French mathematician and logician

Joseph Diez Gergonne (19 June 1771 at Nancy, France – 4 May 1859 at Montpellier, France) was a French mathematician and logician.

==Life==
In 1791, Gergonne enlisted in the French army as a captain. That army was undergoing rapid expansion because the French government feared a foreign invasion intended to undo the French Revolution and restore Louis XVI to the throne of France. He saw action in the major battle of Valmy on 20 September 1792. He then returned to civilian life but soon was called up again and took part in the French invasion of Spain in 1794.
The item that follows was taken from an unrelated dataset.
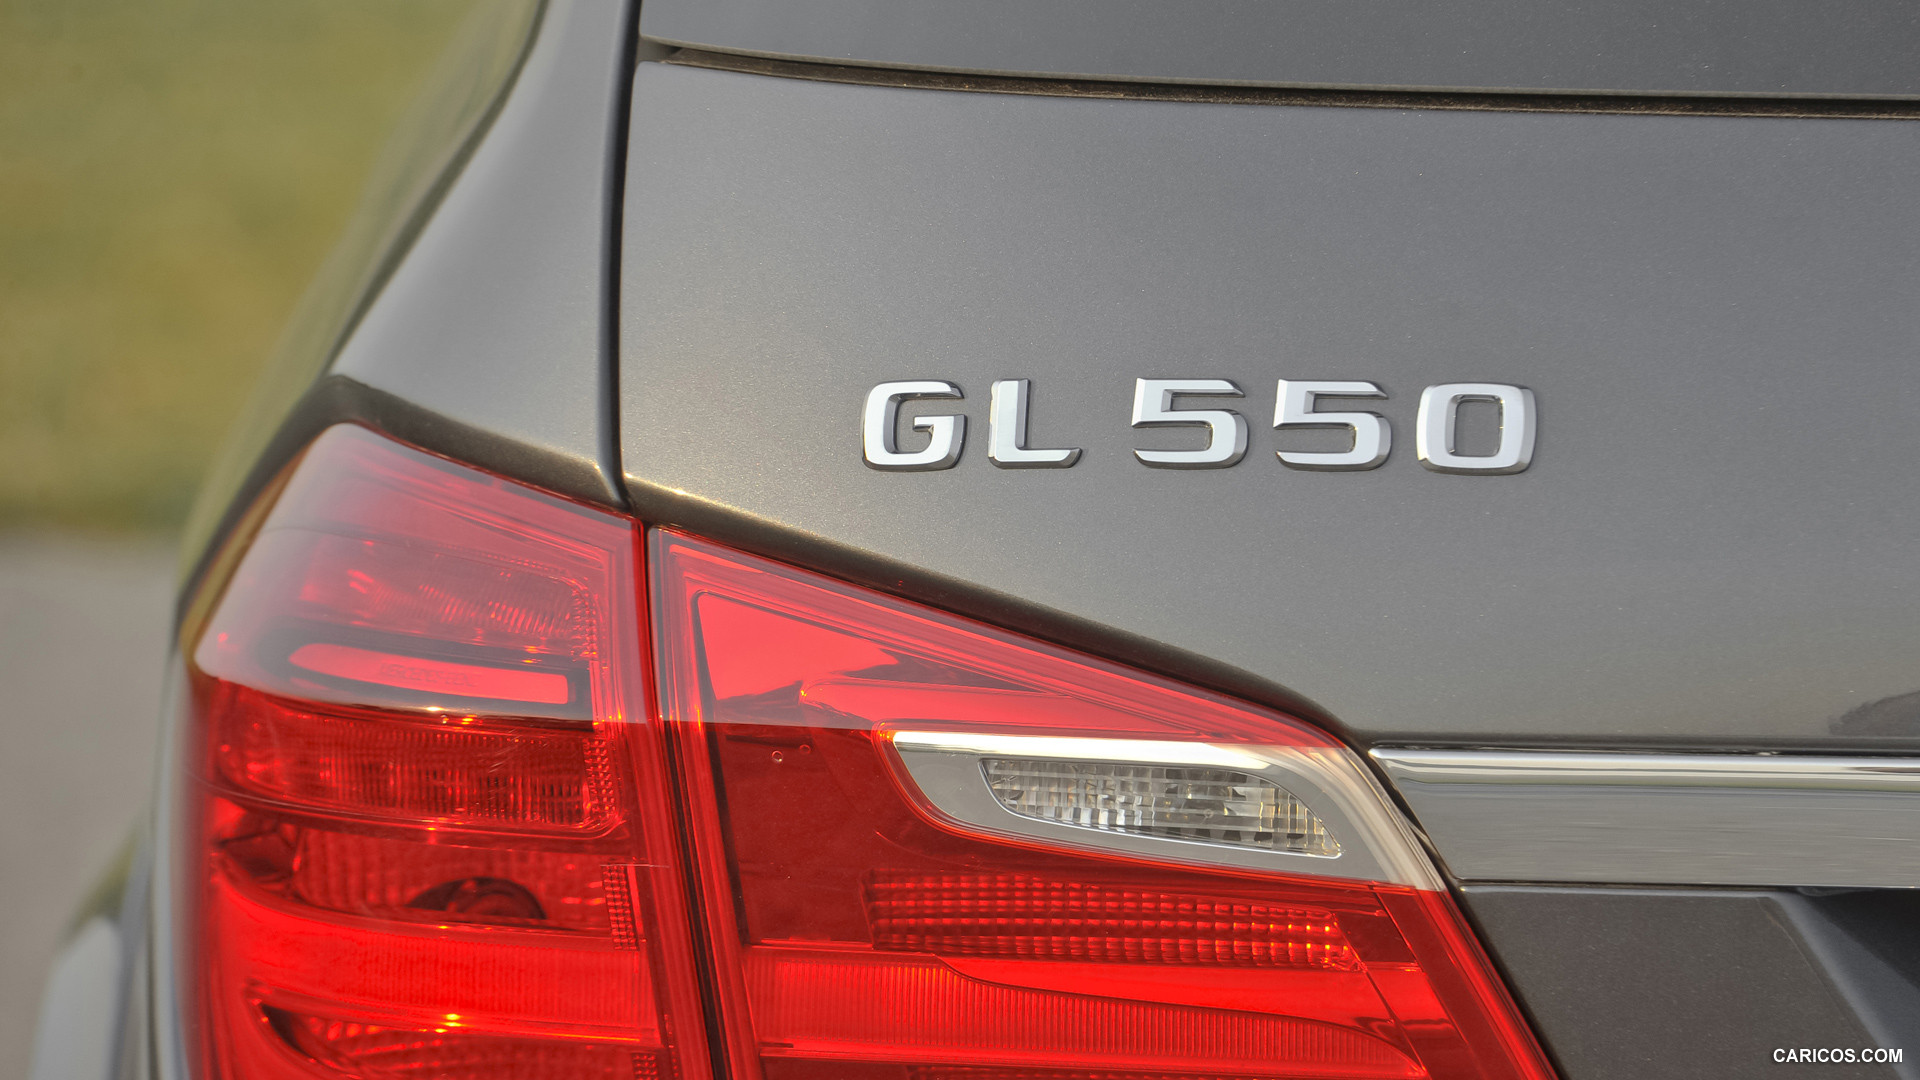 2013 Mercedes-Benz GL-Class GL550 - Badge, #27 of 259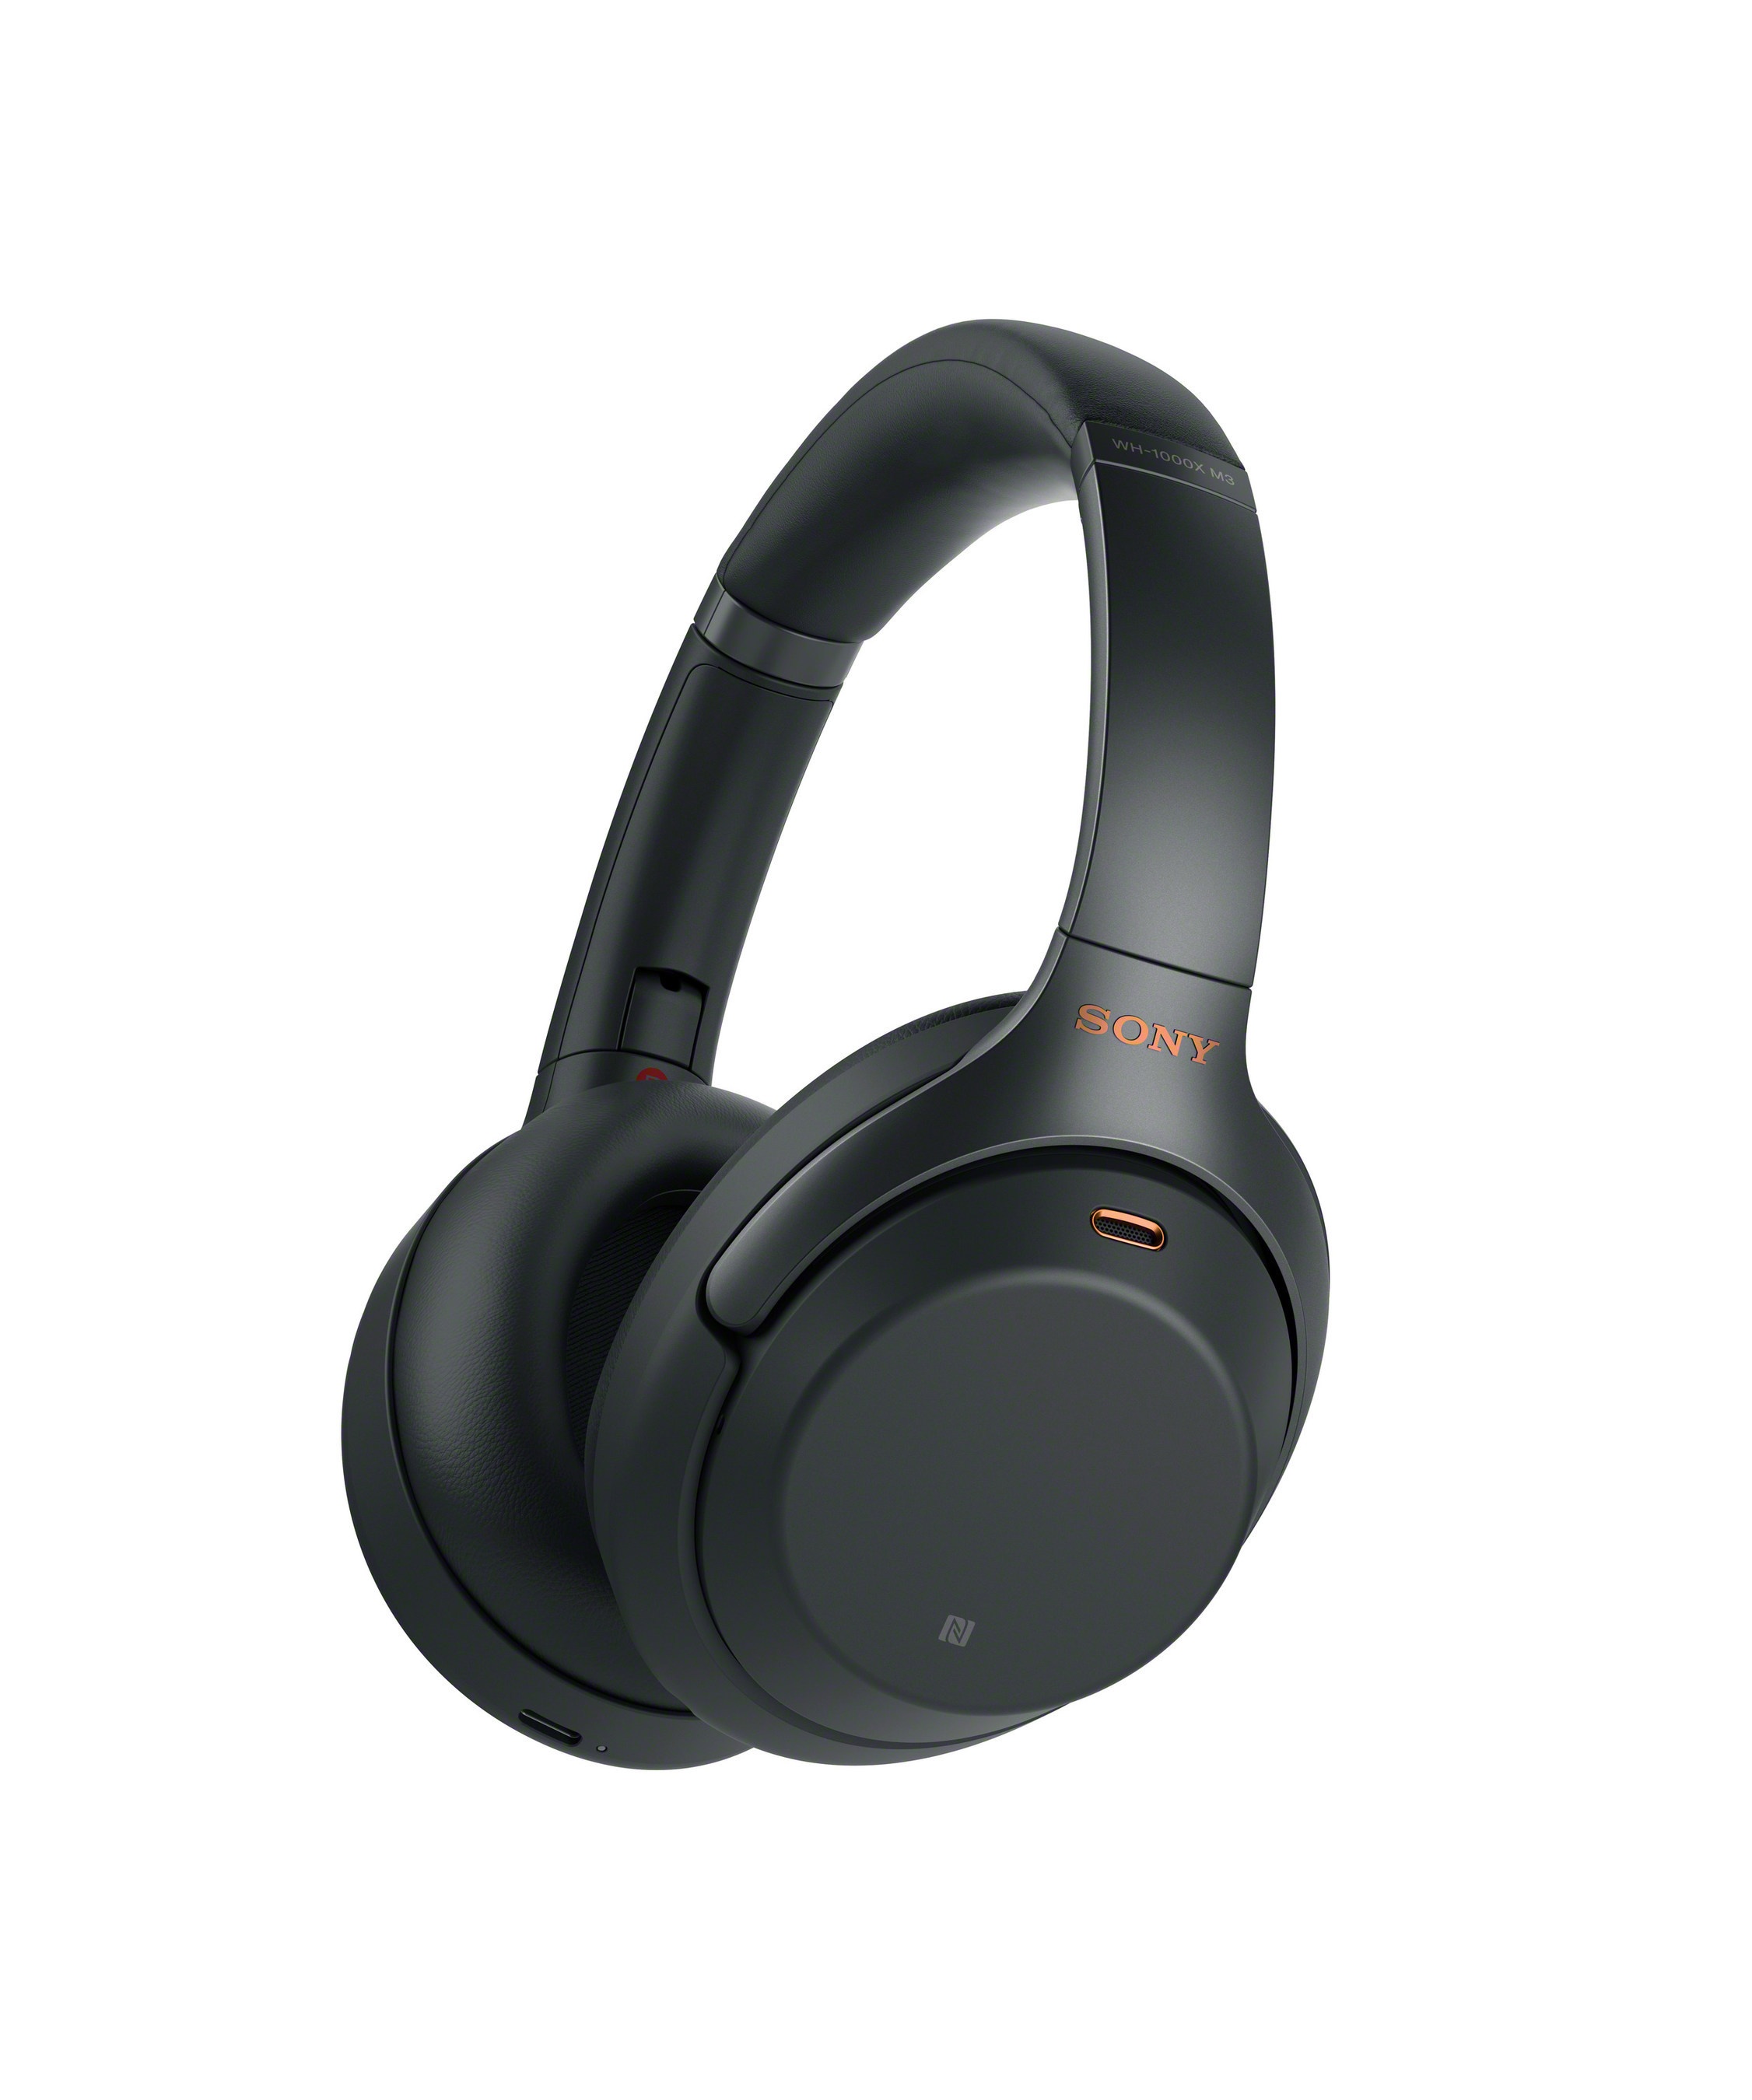 Sony’s Wireless Noise-canceling Headphones Now Compatible with Amazon Alexa

In 1795, Gergonne and his regiment were sent to Nîmes. At this point, he made a definitive transition to civilian life by taking up the chair of "transcendental mathematics" at the new École centrale. He came under the influence of Gaspard Monge, the Director of the new École polytechnique in Paris.

In 1810, in response to difficulties he encountered in trying to publish his work, Gergonne founded his own mathematics journal, officially named the Annales de mathématiques pures et appliquées but generally referred to as the Annales de Gergonne. The most common subject of articles in his journal was geometry, Gergonne's specialty. Over a period of 22 years, the Annales de Gergonne published about 200 articles by Gergonne himself, and other articles by many distinguished mathematicians, including Poncelet, Servois, Bobillier, Steiner, Plücker, Chasles, Brianchon, Dupin, Lamé, even Galois.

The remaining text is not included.